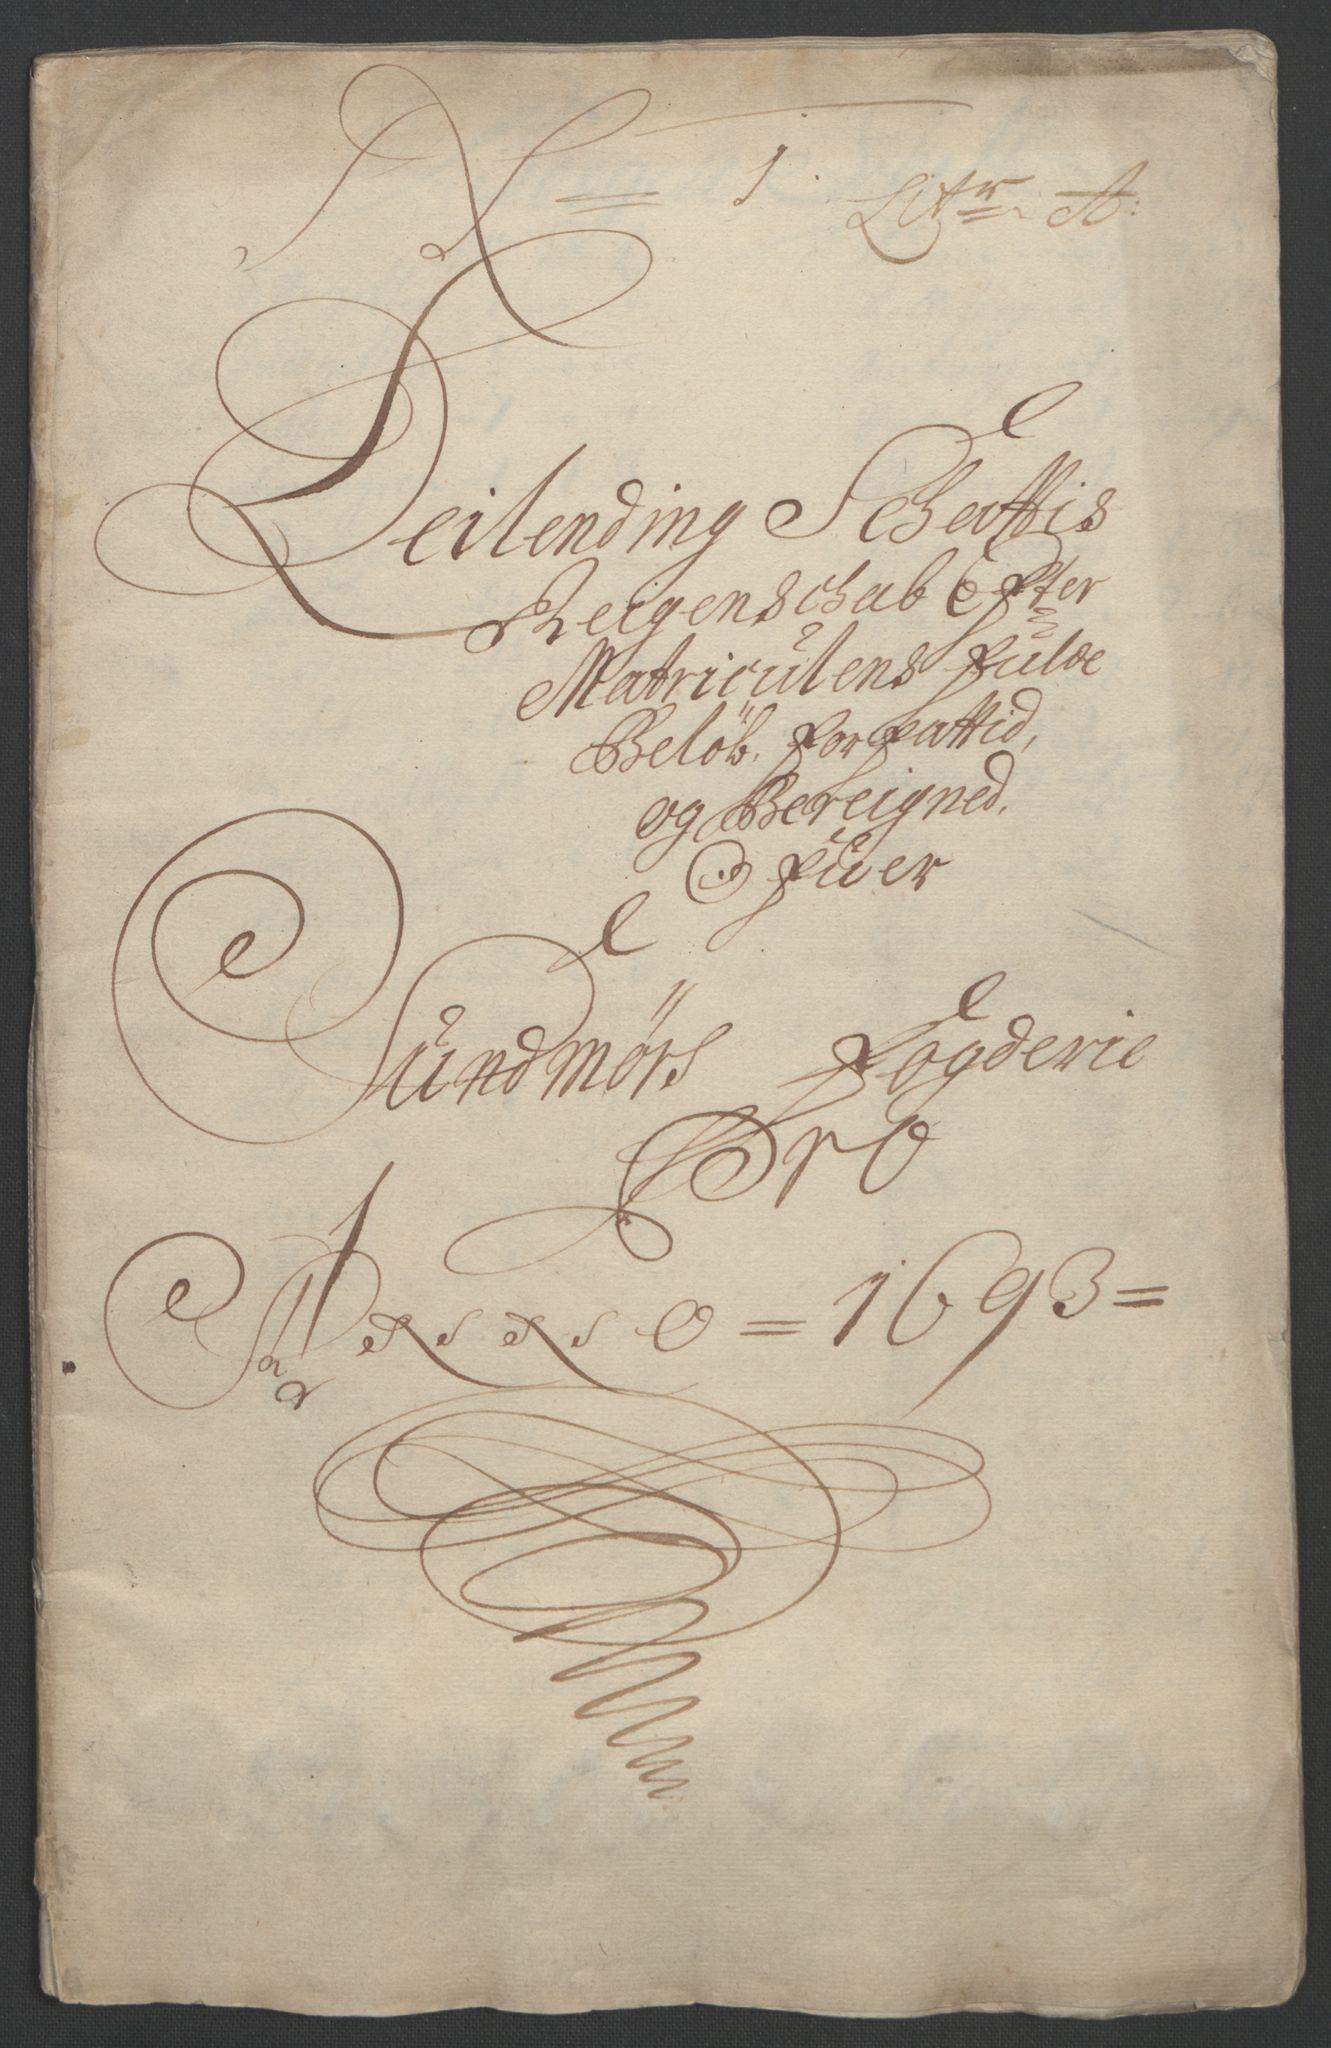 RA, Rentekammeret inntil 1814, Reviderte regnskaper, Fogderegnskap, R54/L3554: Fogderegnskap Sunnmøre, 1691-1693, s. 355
==
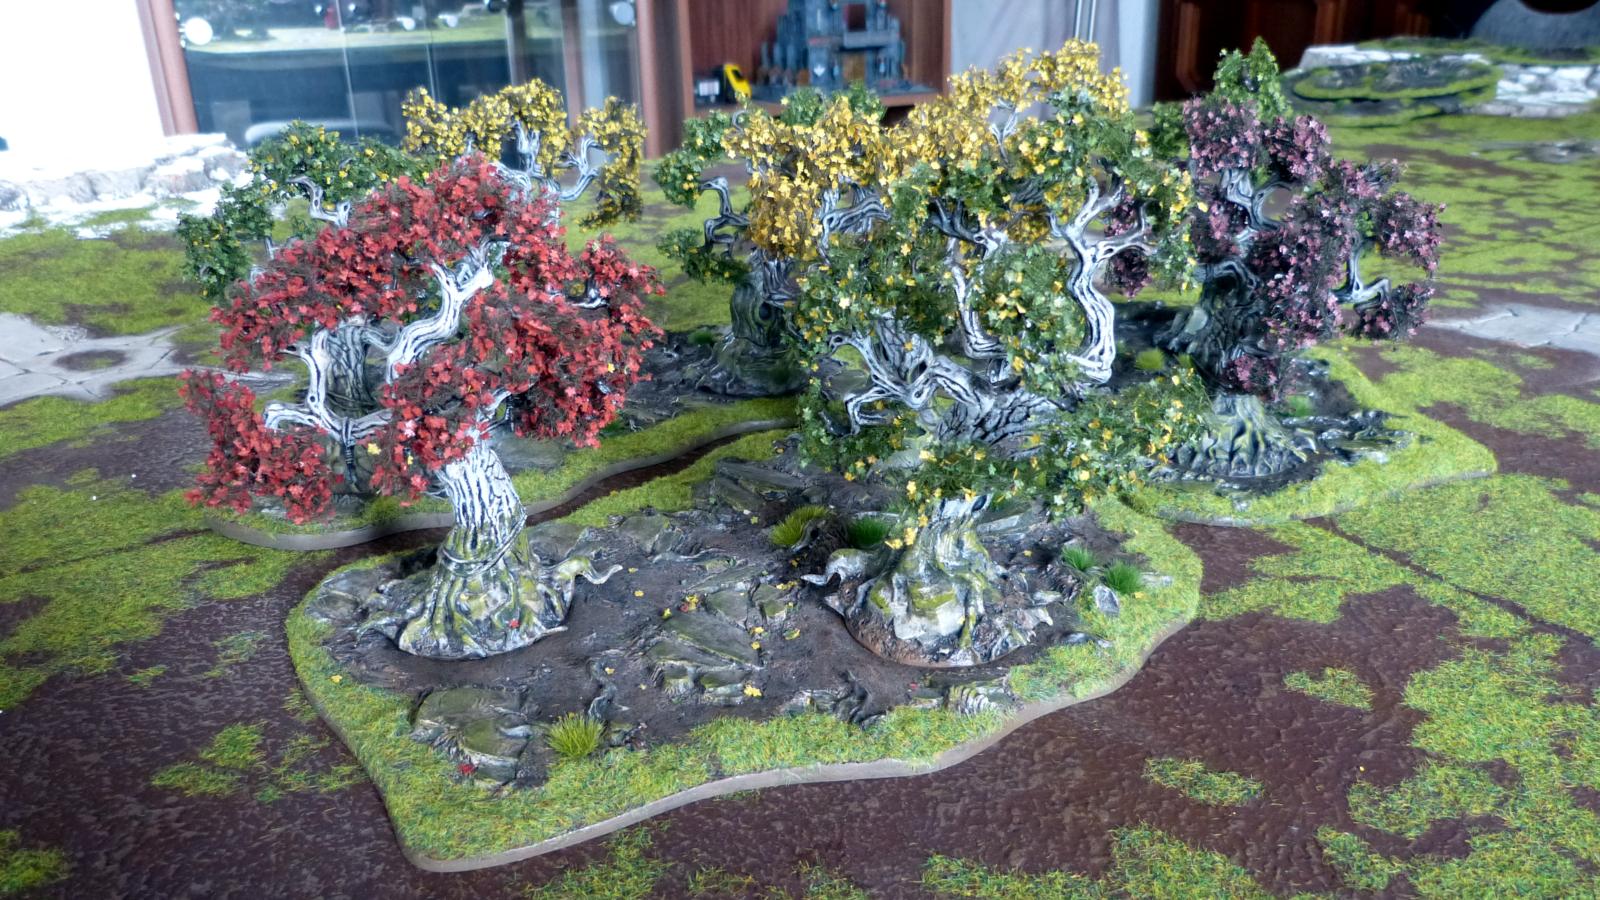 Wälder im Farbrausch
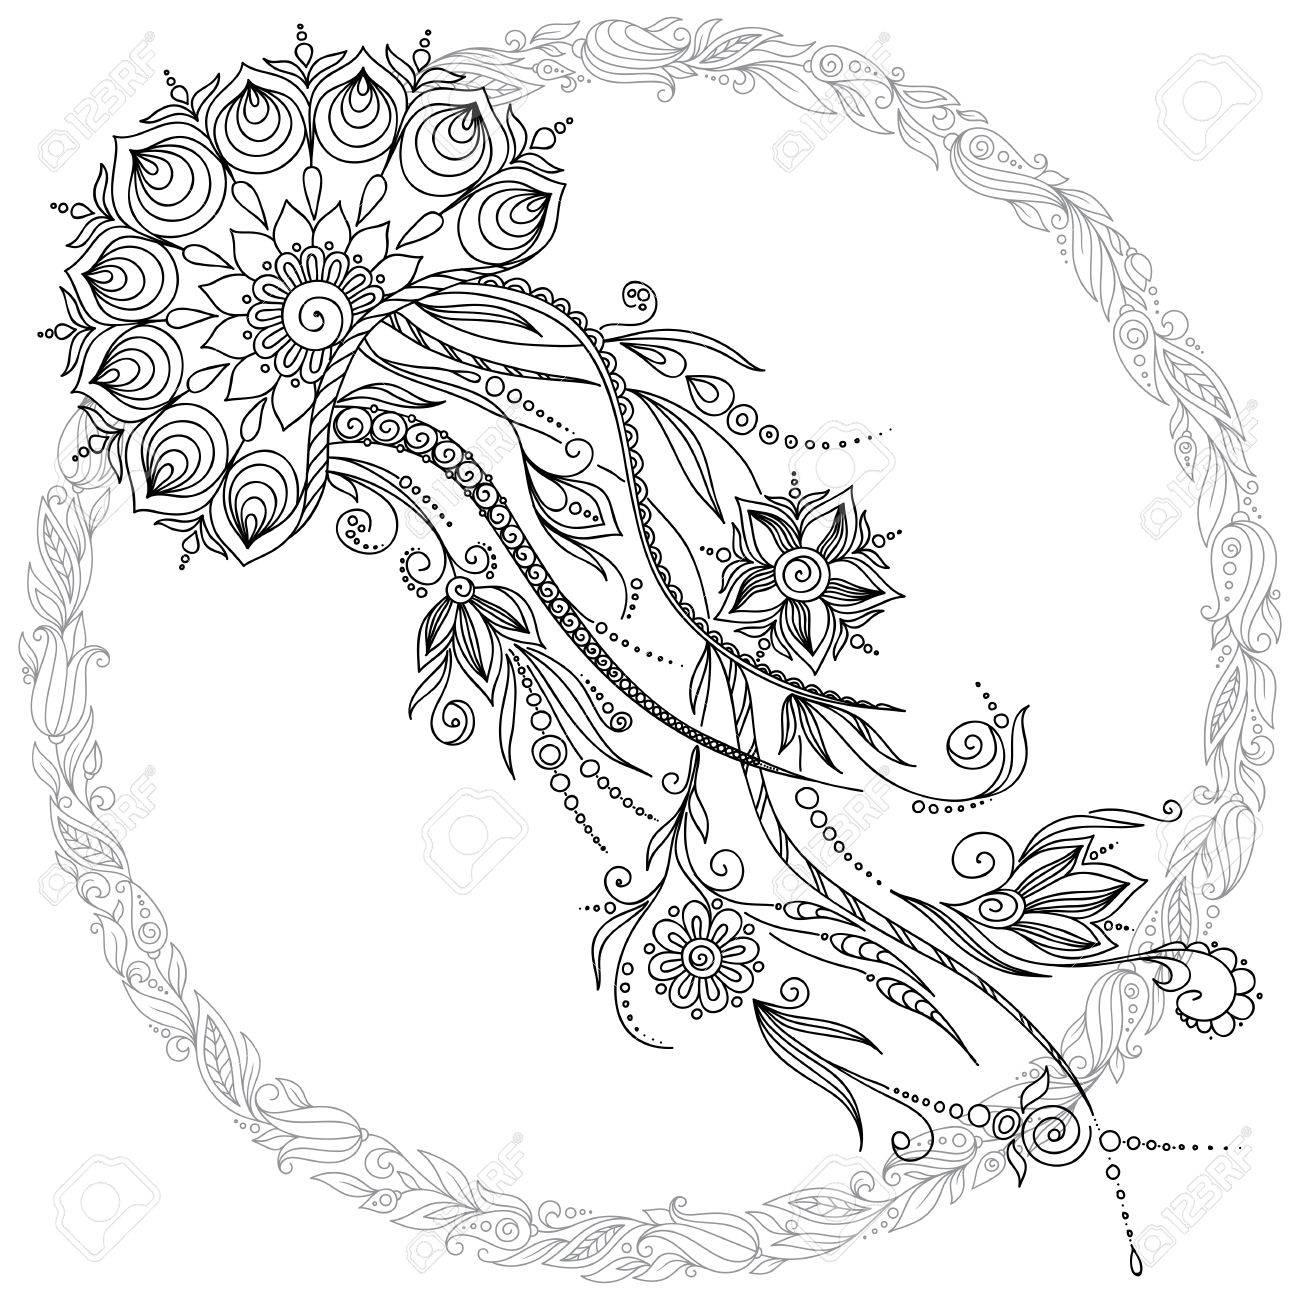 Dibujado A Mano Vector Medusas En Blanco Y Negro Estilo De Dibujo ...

§ **Required action**
Start with the line with "Wälder im Farbrausch" in the listing above and stop after the line with "Dibujado A Mano". Write out exactly the lines in that stretch and no others, without pictures.

§ **Response for this exercise**
 Wälder im Farbrausch
 Dibujado A Mano Vector Medusas En Blanco Y Negro Estilo De Dibujo ...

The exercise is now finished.